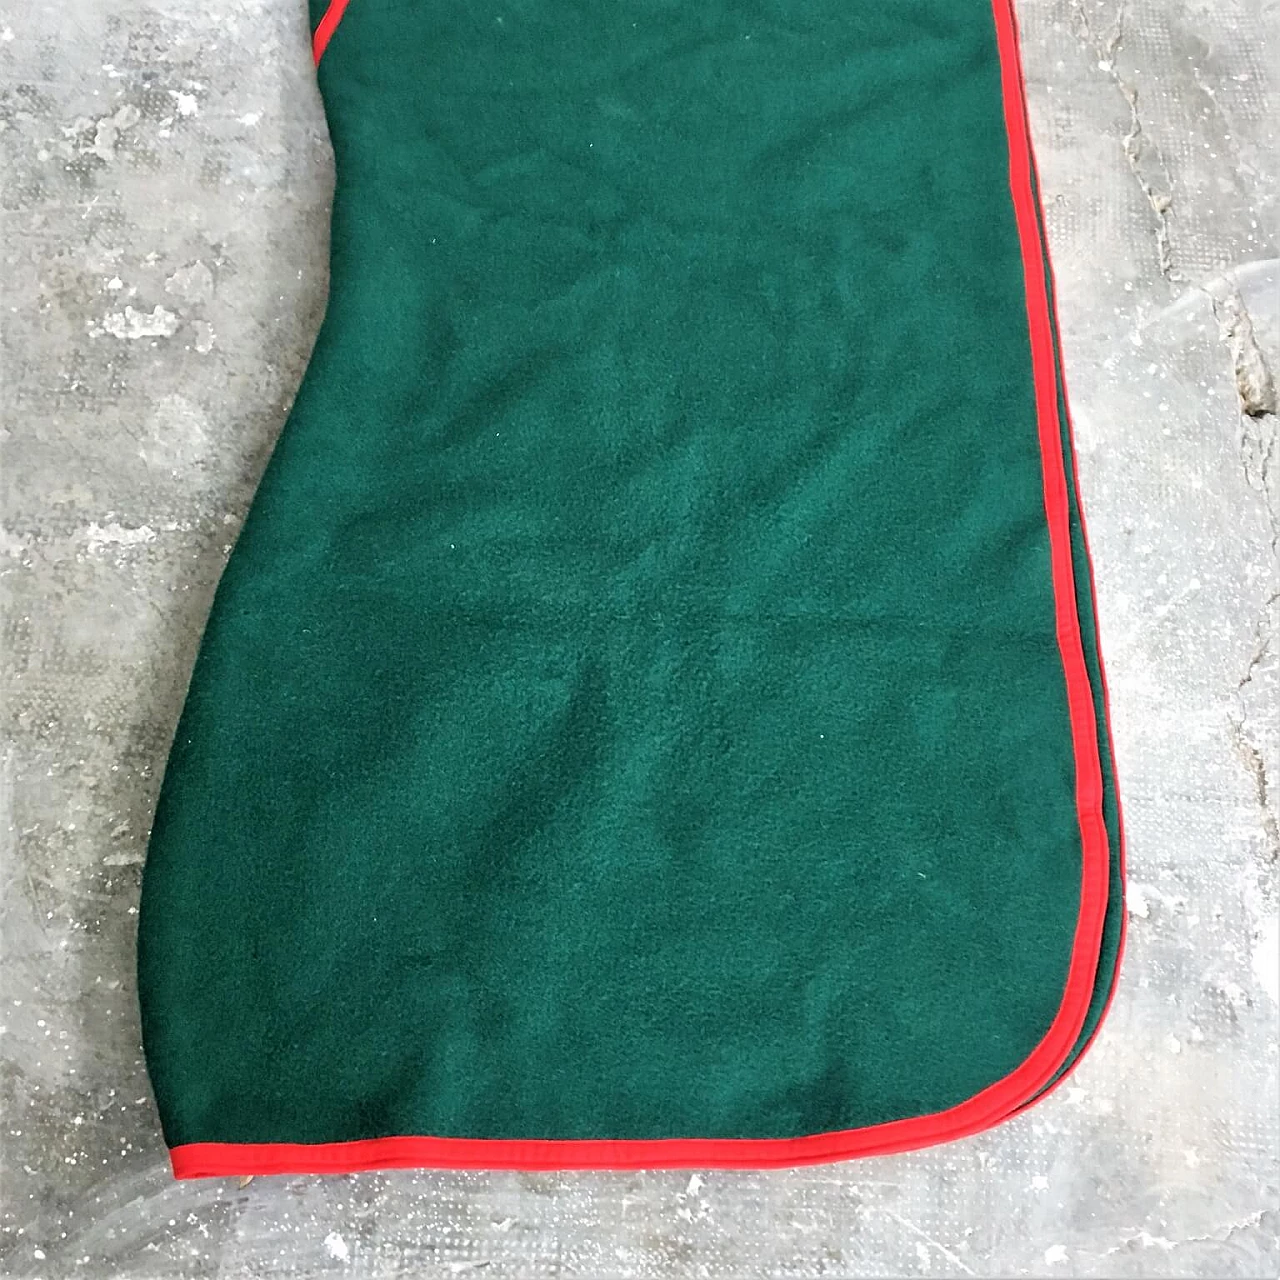 Coperta verde Selleria Pariani, realizzata a mano, pura lana vergine, profili rossi e cuoio, 1980 1071708
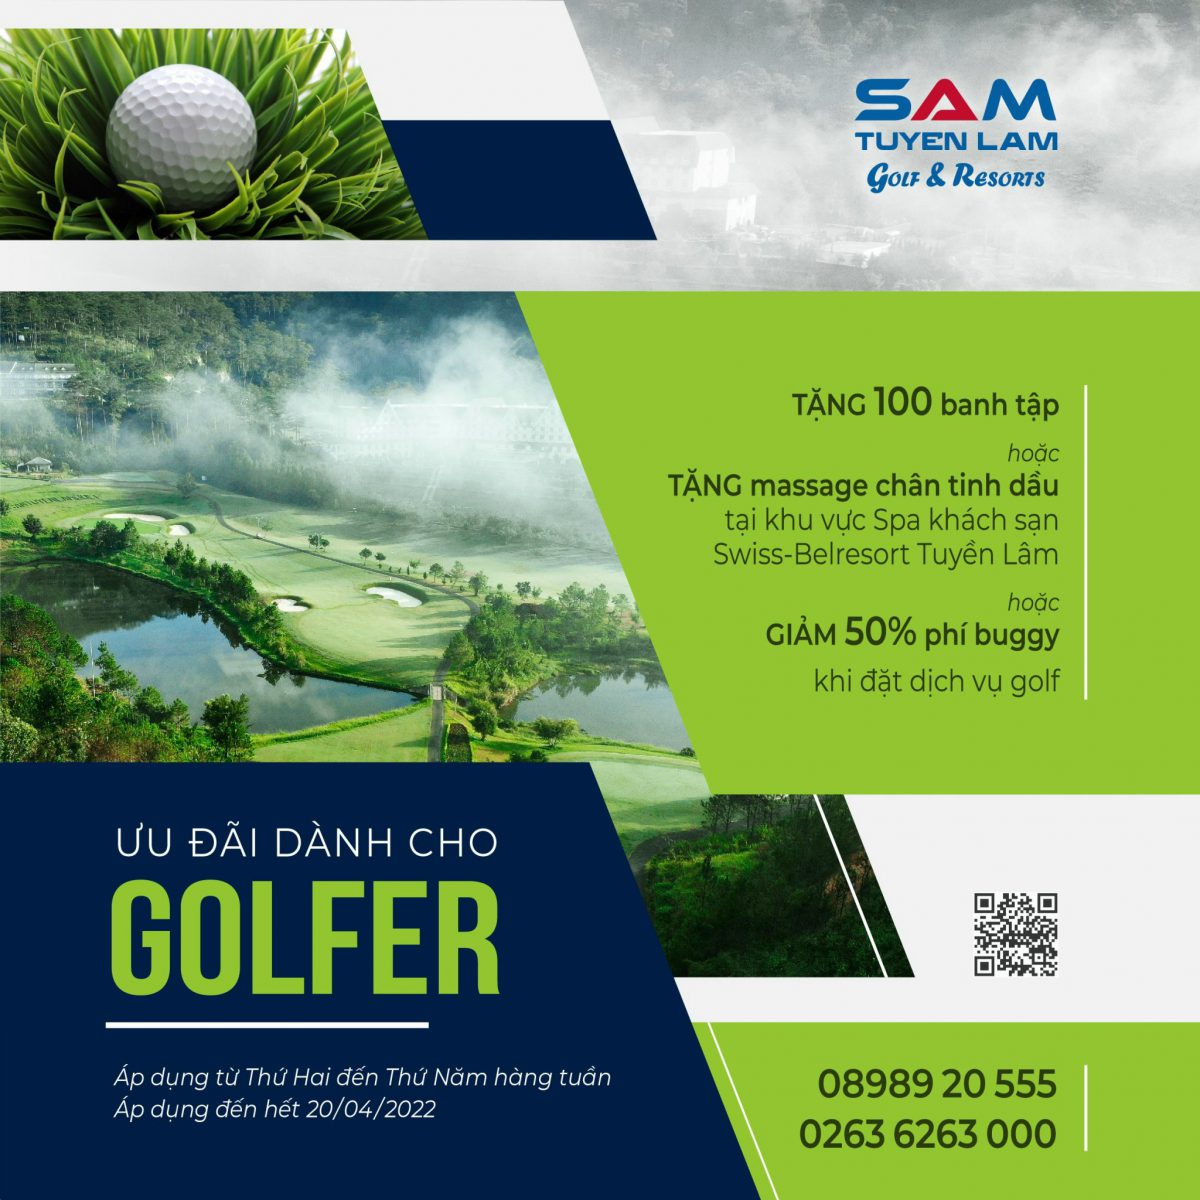 (Tiếng Việt) Giao mùa – Ưu đãi dành cho Golfers
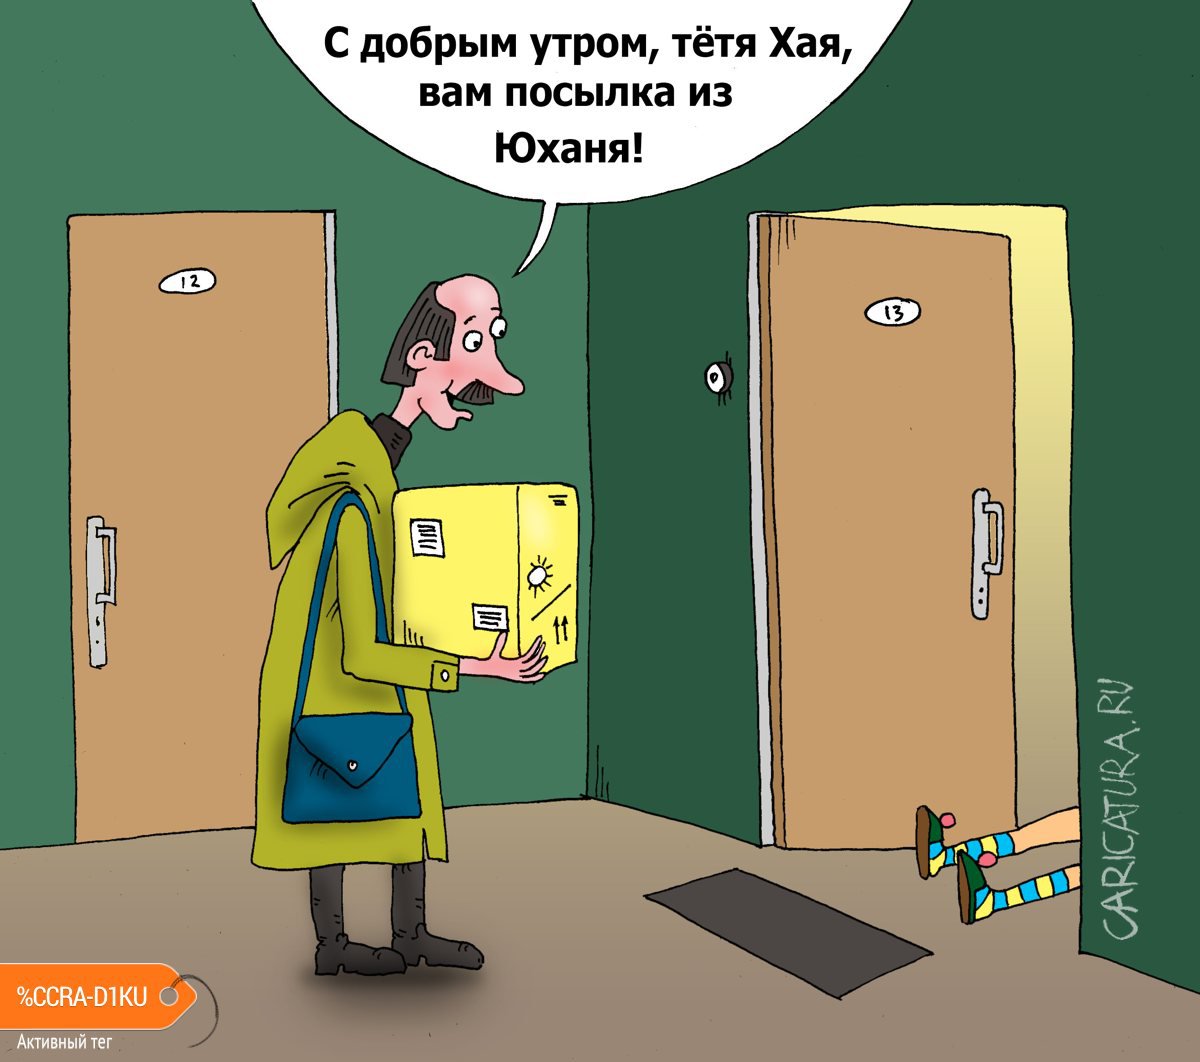 Карикатура "Старая песня о новом", Валерий Тарасенко
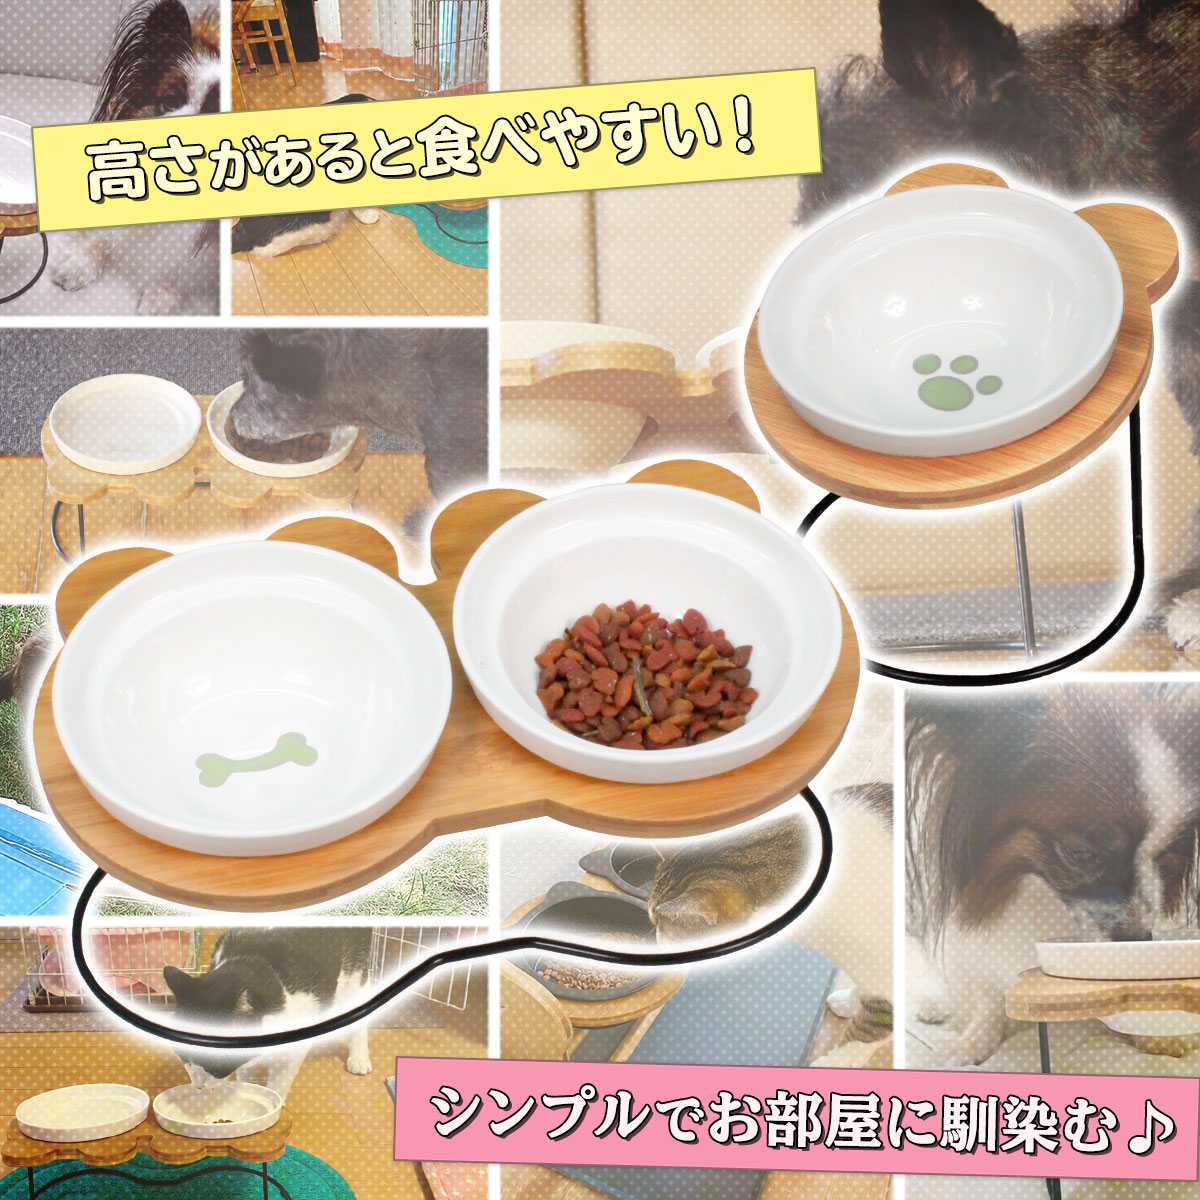 えさ皿 猫 犬 食器 えさ 皿 餌入れ フードボウル ペット 猫用 犬用 ご飯皿 お皿 水飲み 食器台 食べやすい 傾斜 陶器 アイアンバンブースタンドシングル
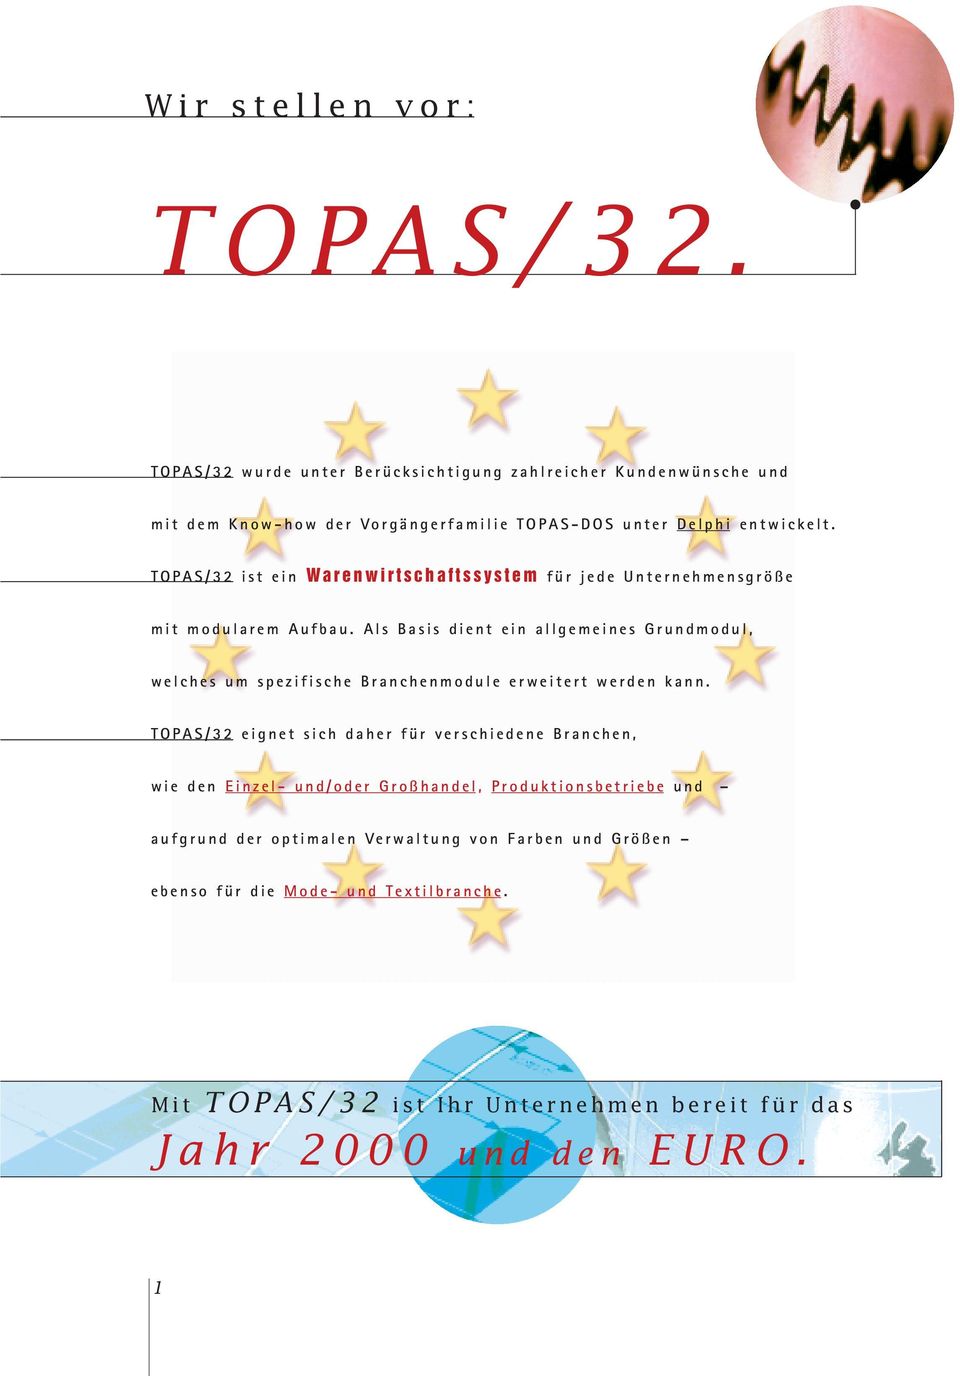 TOPAS/32 ist ein Warenwirtschaftssystem für jede Unternehmensgröße mit modularem Aufbau.

......

* [Exercise prompt]: Word for word, reproduce each line from the one with "えさ皿 猫 犬 食器 えさ" through the last line of the material above, both included, and drop the pictures.

* [Answer to this task]:
 えさ皿 猫 犬 食器 えさ 皿 餌入れ フードボウル ペット 猫用 犬用 ご飯皿 お皿 水飲み 食器台 食べやすい 傾斜 陶器 アイアンバンブースタンドシングル
 TOPAS/32 ist ein Warenwirtschaftssystem für jede Unternehmensgröße mit modularem Aufbau.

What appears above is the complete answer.